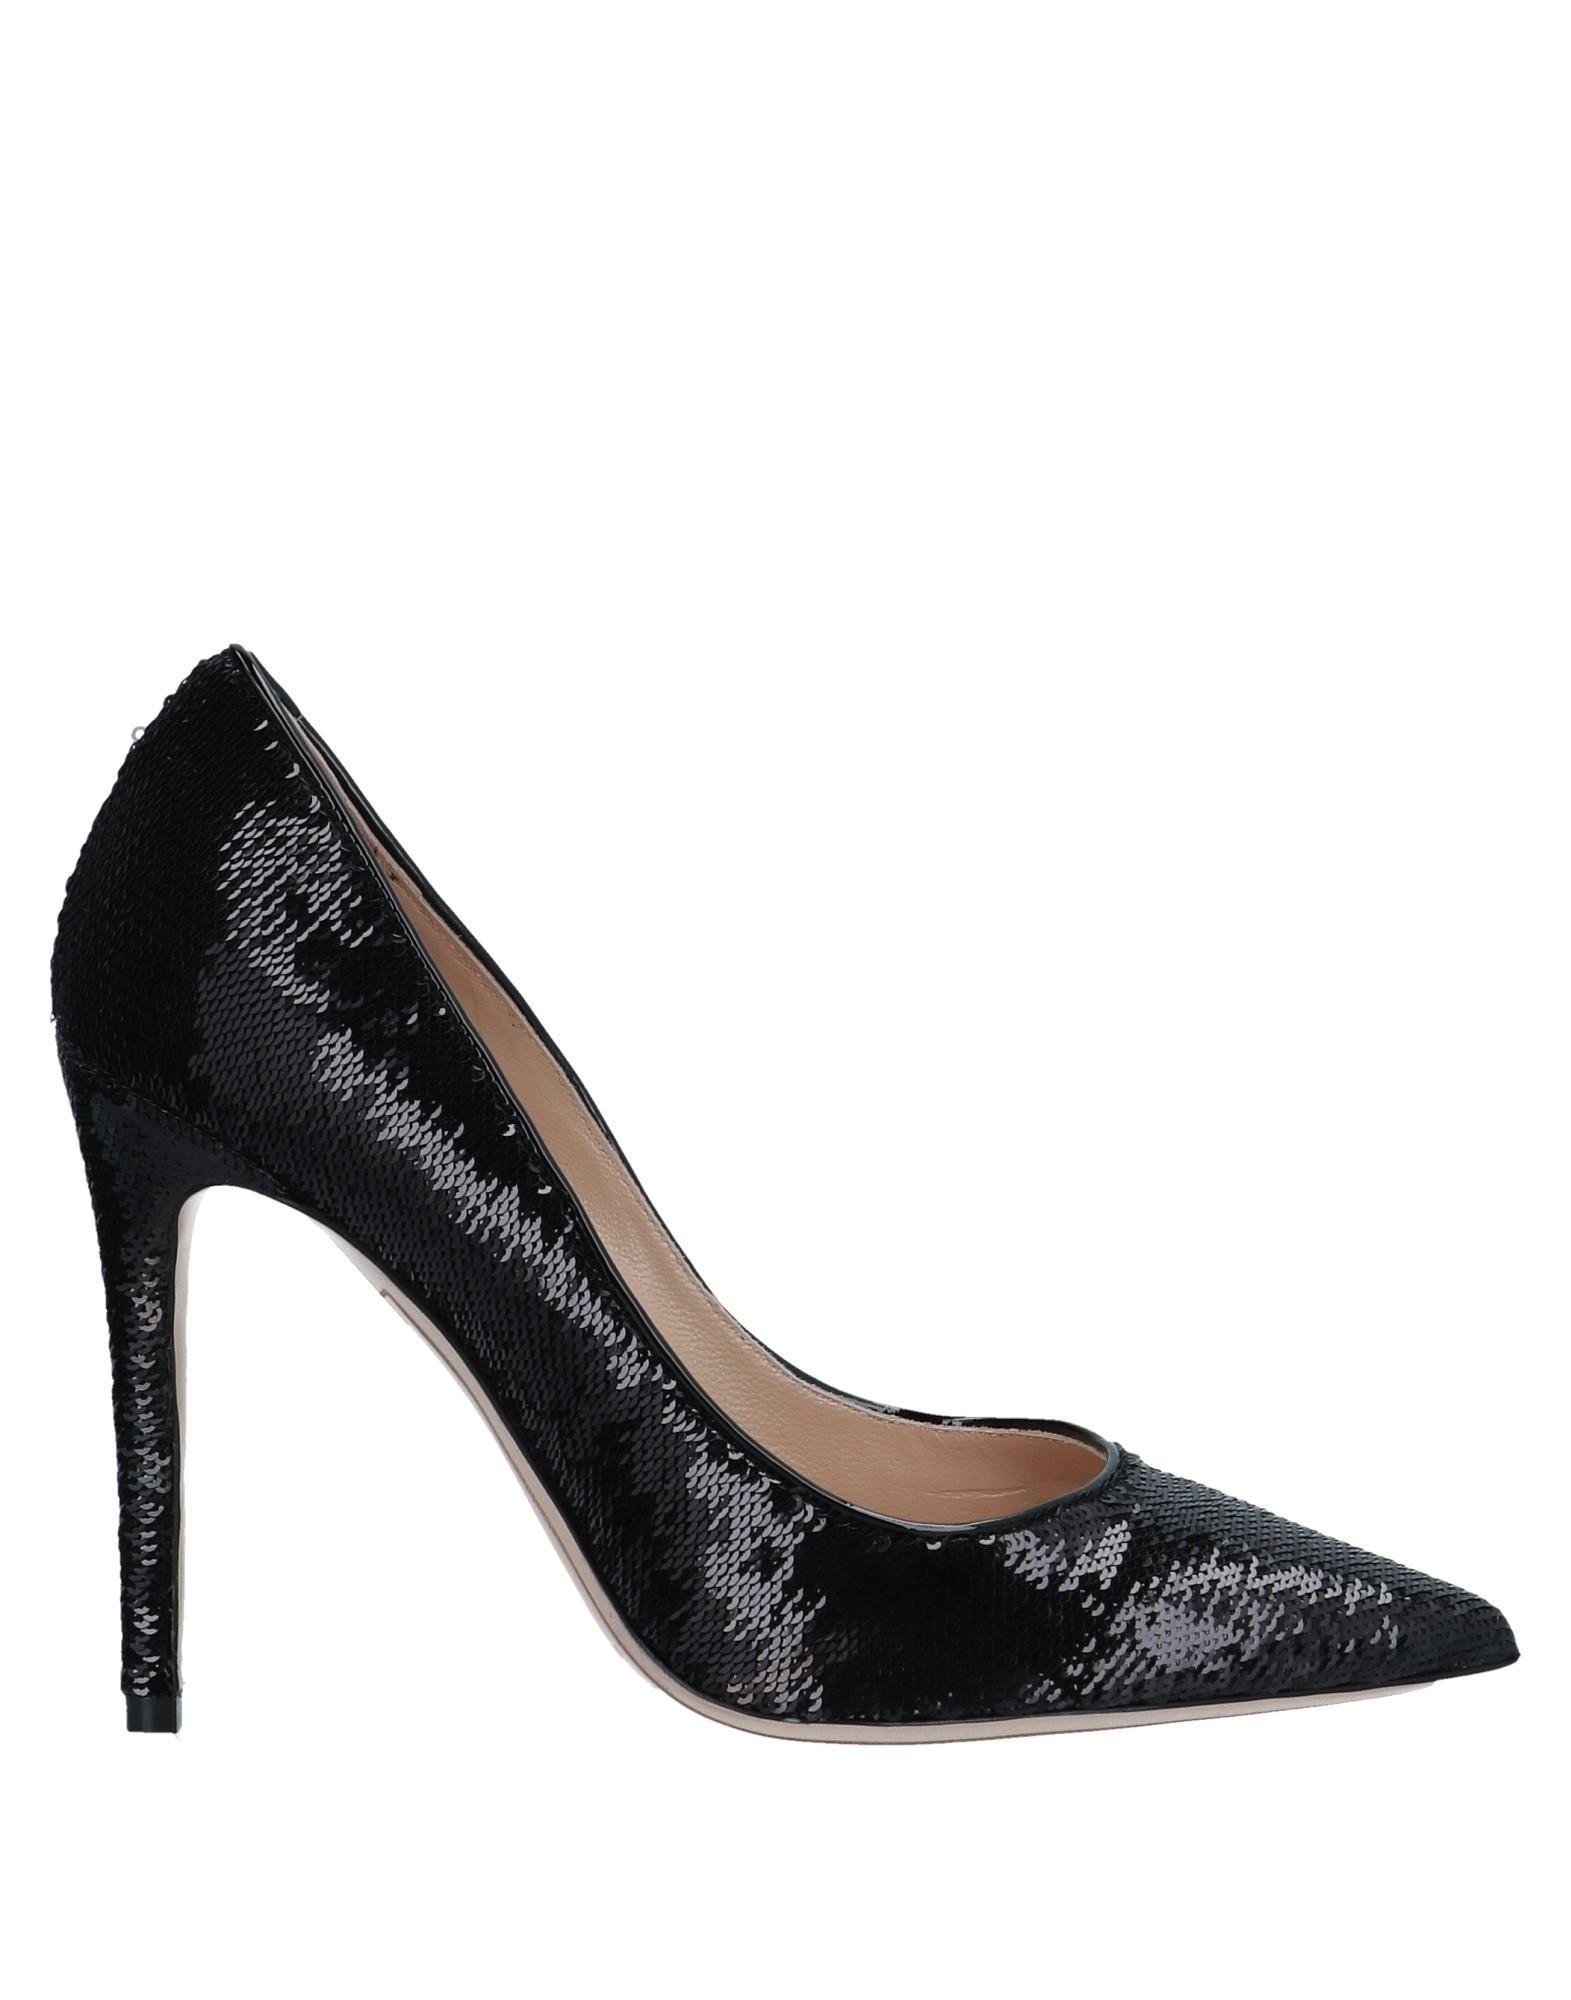 Stilvolle billige Pumps Schuhe Deimille Pumps billige Damen  11556330DI 0e824b
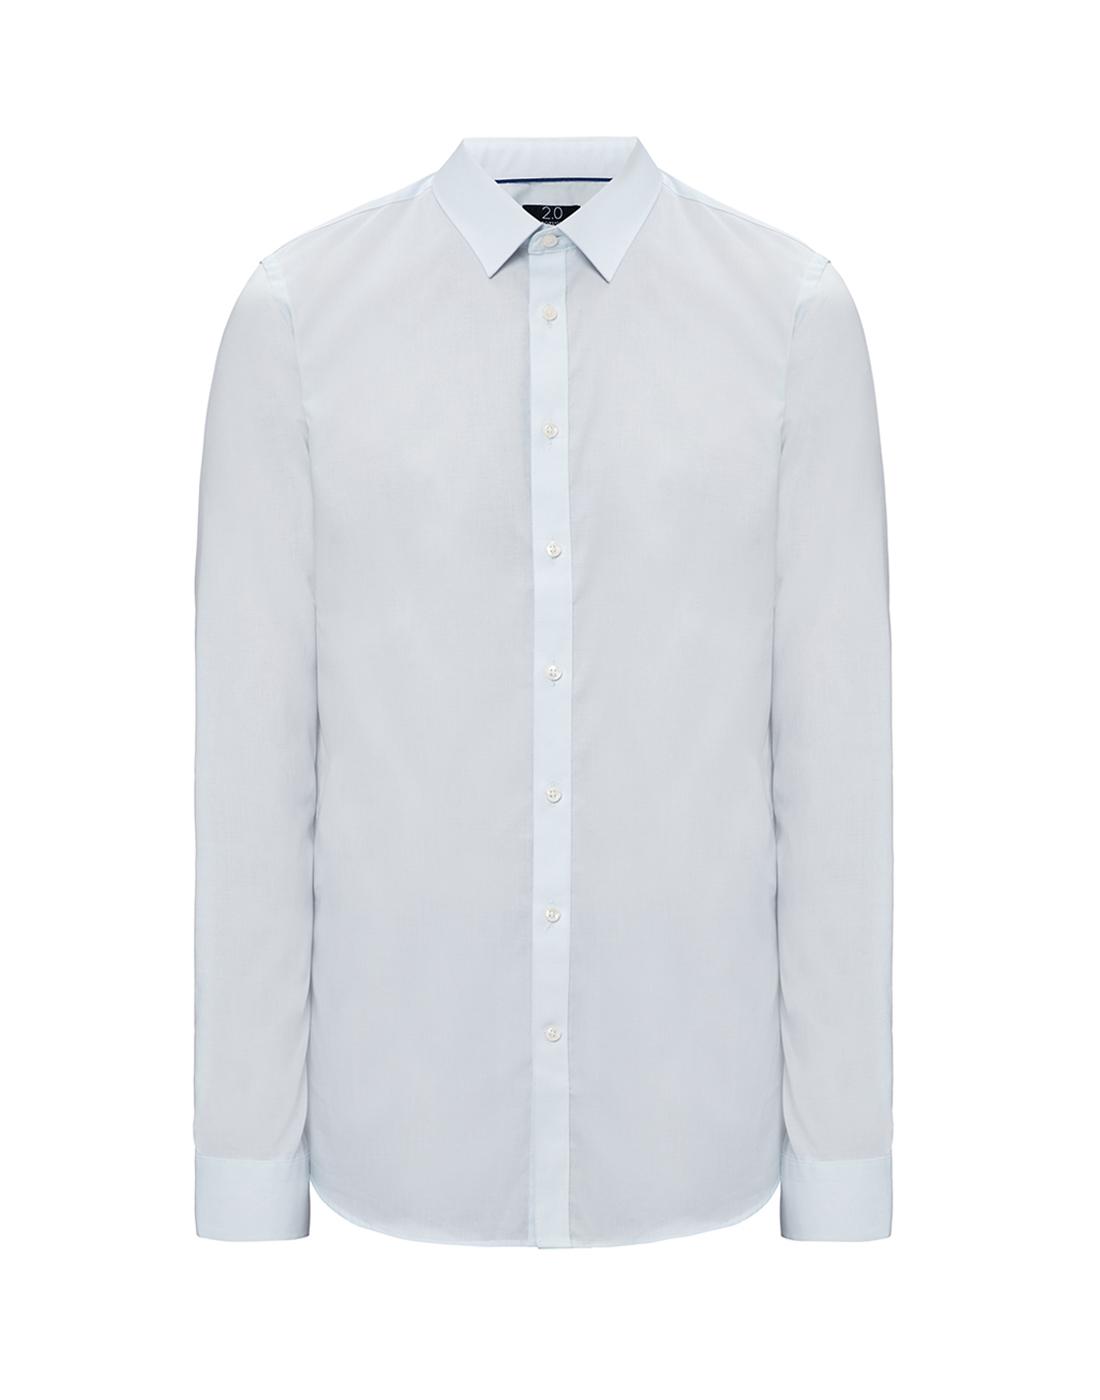 Мужская светло-голубая рубашка Profuomo SPP0H0D002-1
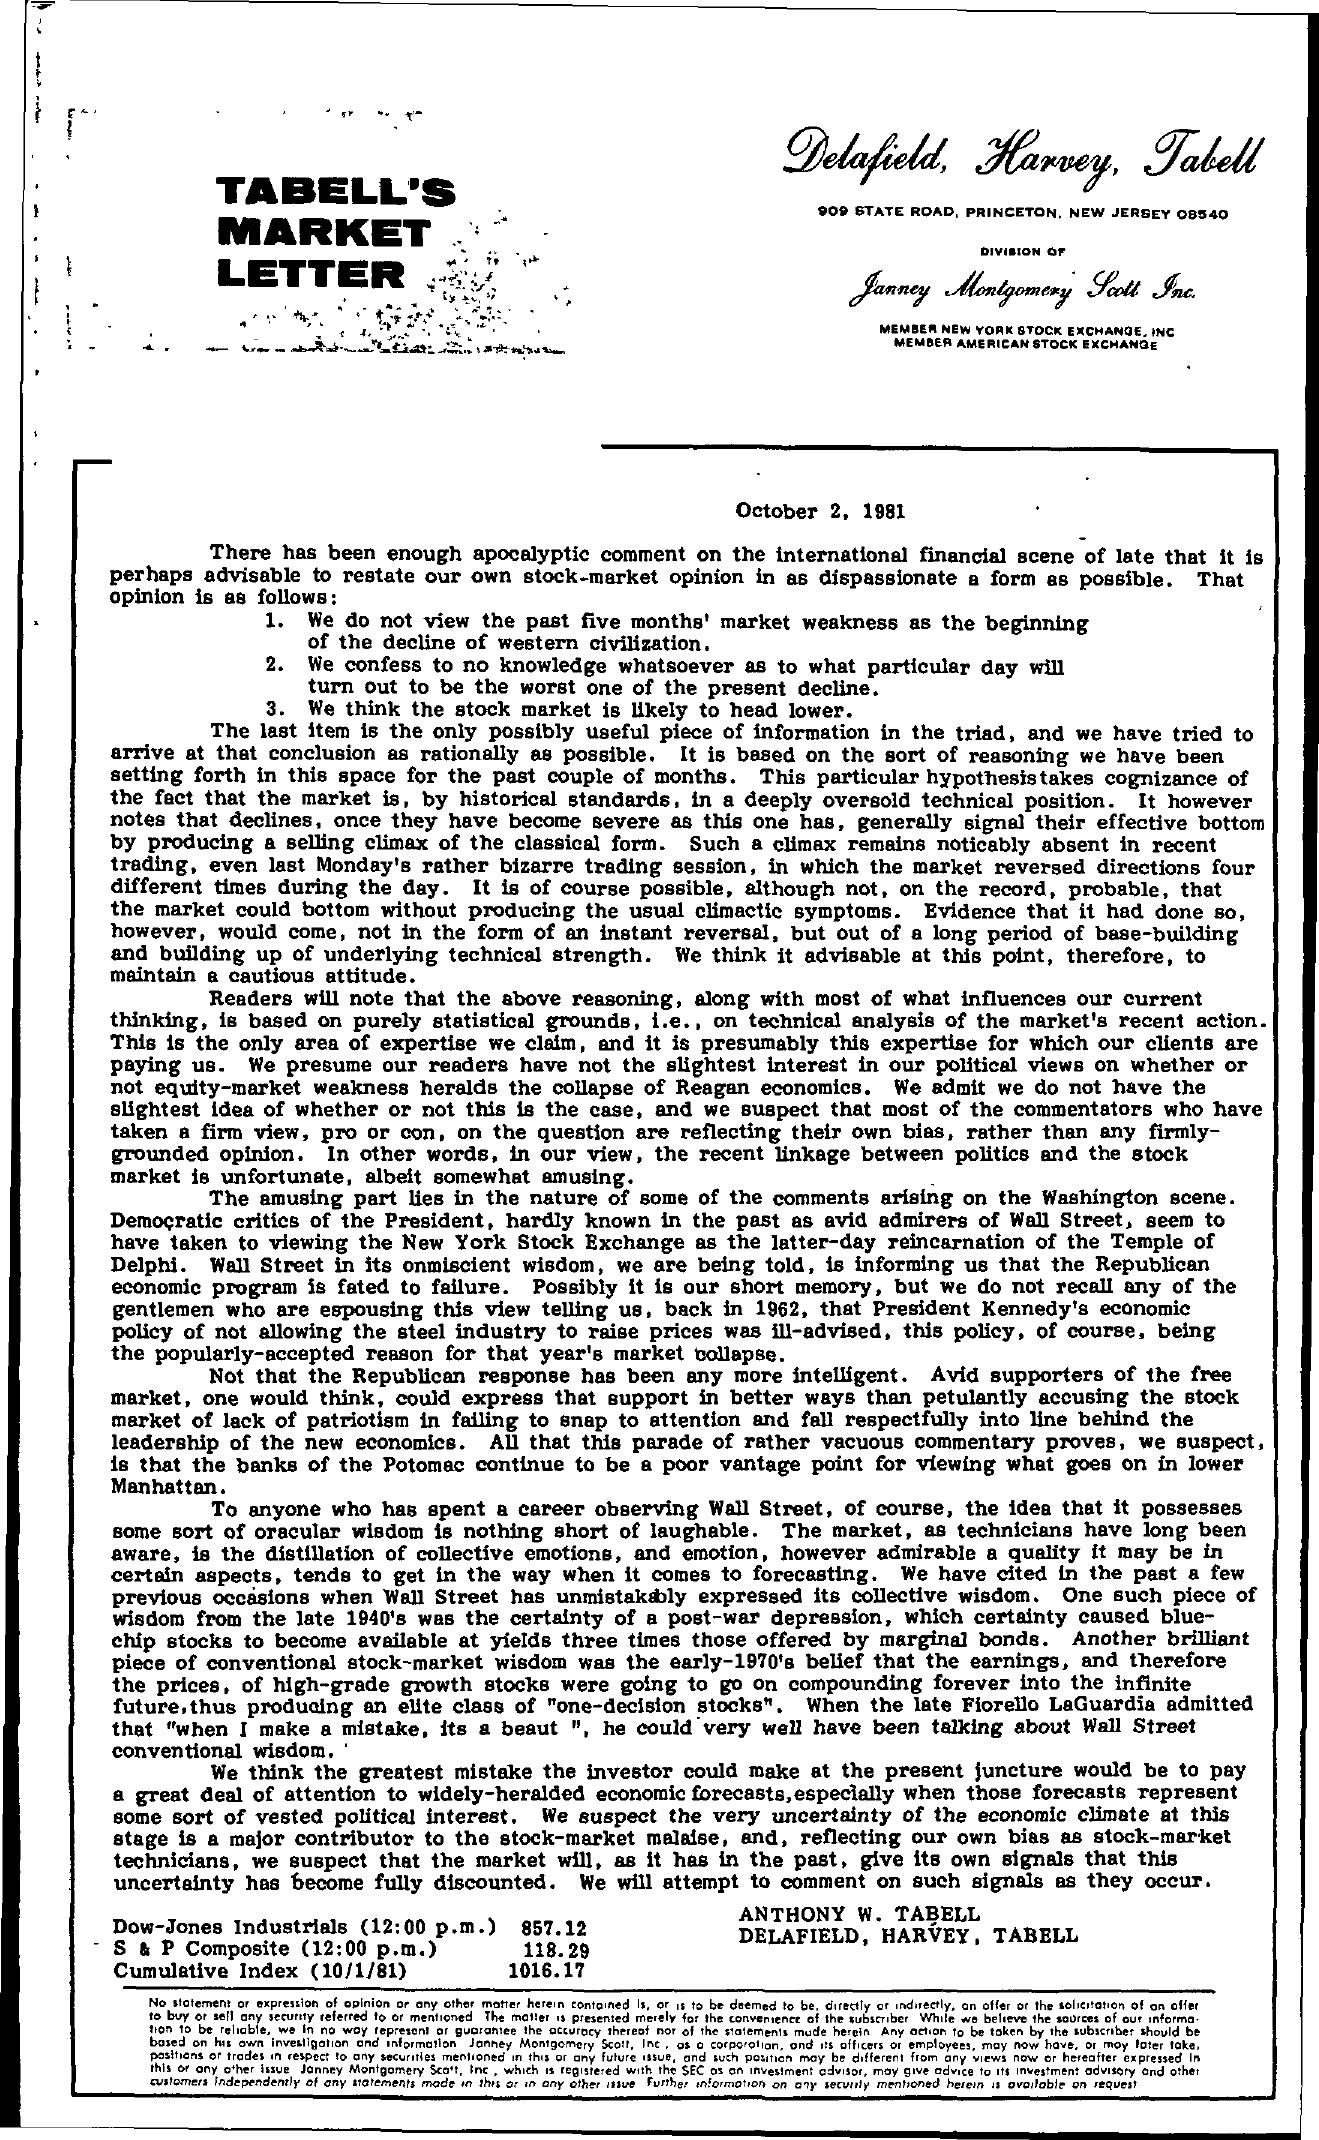 Tabell's Market Letter - October 02, 1981
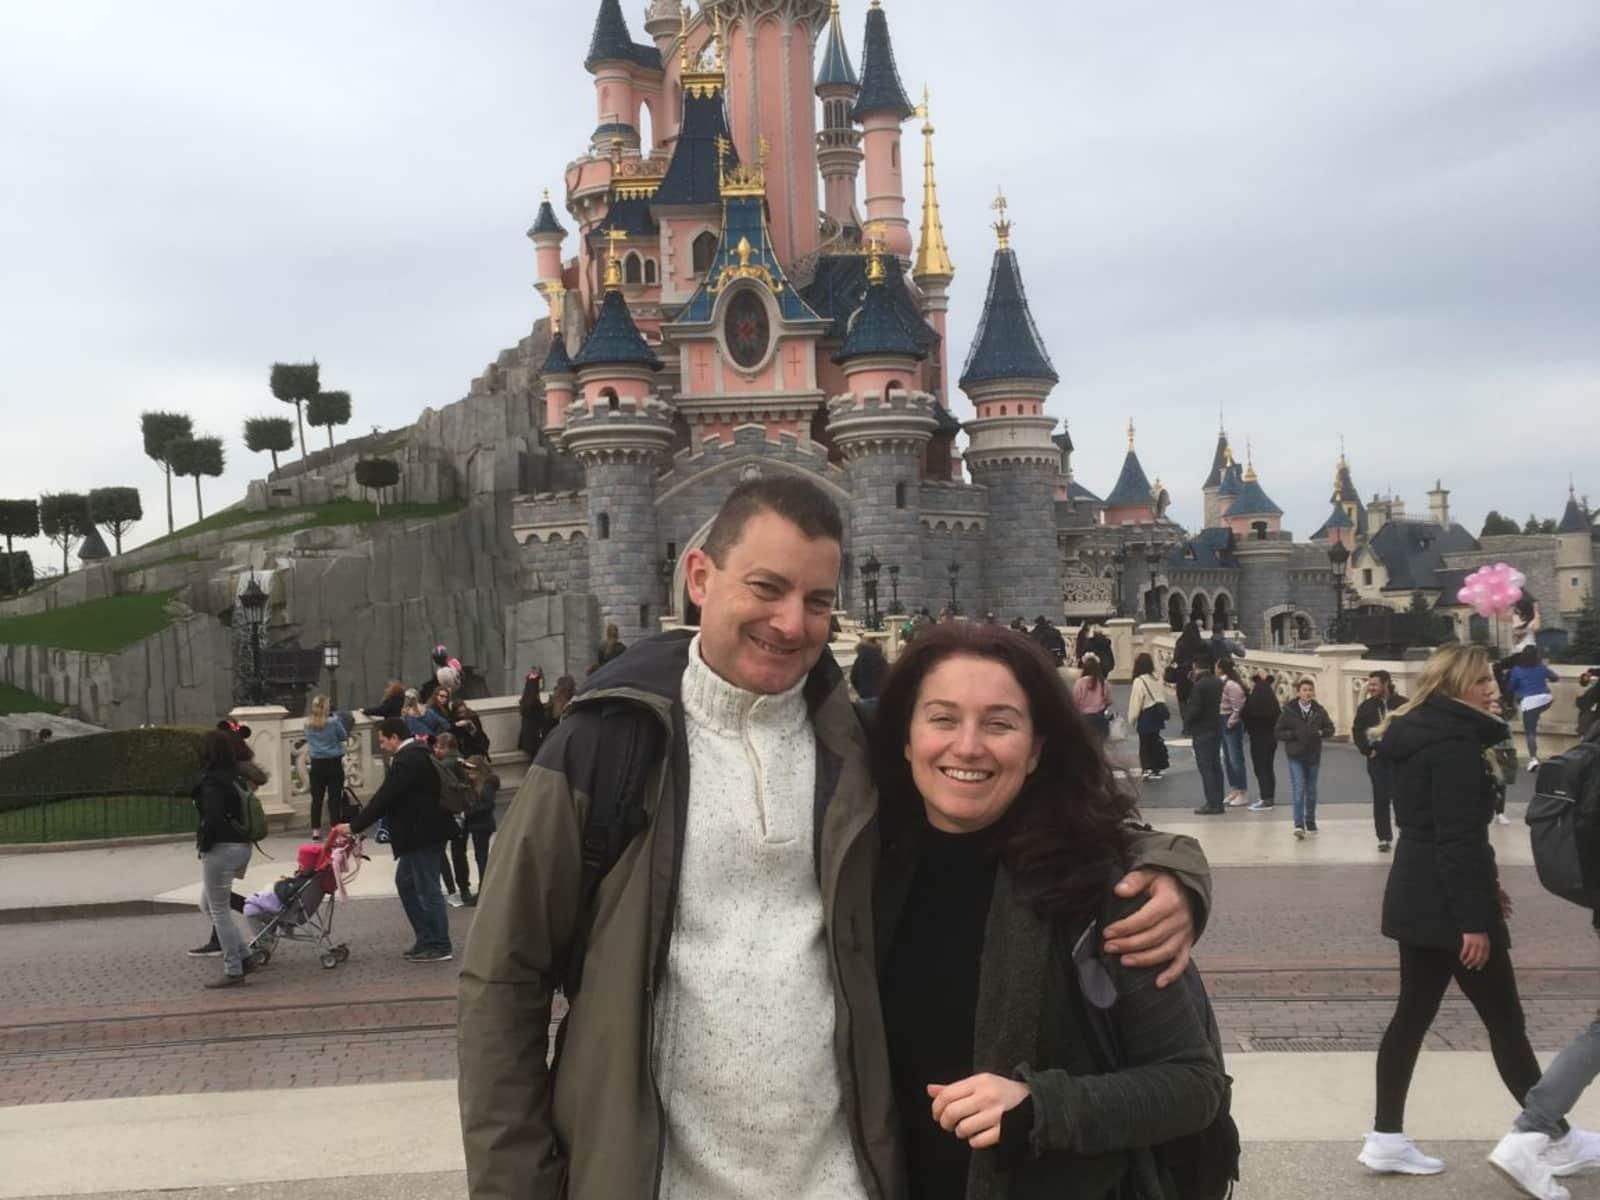 Kallika fiona & Richard from Southampton, United Kingdom
*-*-*
From the first line to the last, give the data again exactly, but without pictures.

▶ _Result of this exercise_
 Stilvolle billige Pumps Schuhe Deimille Pumps billige Damen  11556330DI 0e824b
 Мужская светло-голубая рубашка Profuomo SPP0H0D002-1
 Tabell's Market Letter - October 02, 1981
 Kallika fiona & Richard from Southampton, United Kingdom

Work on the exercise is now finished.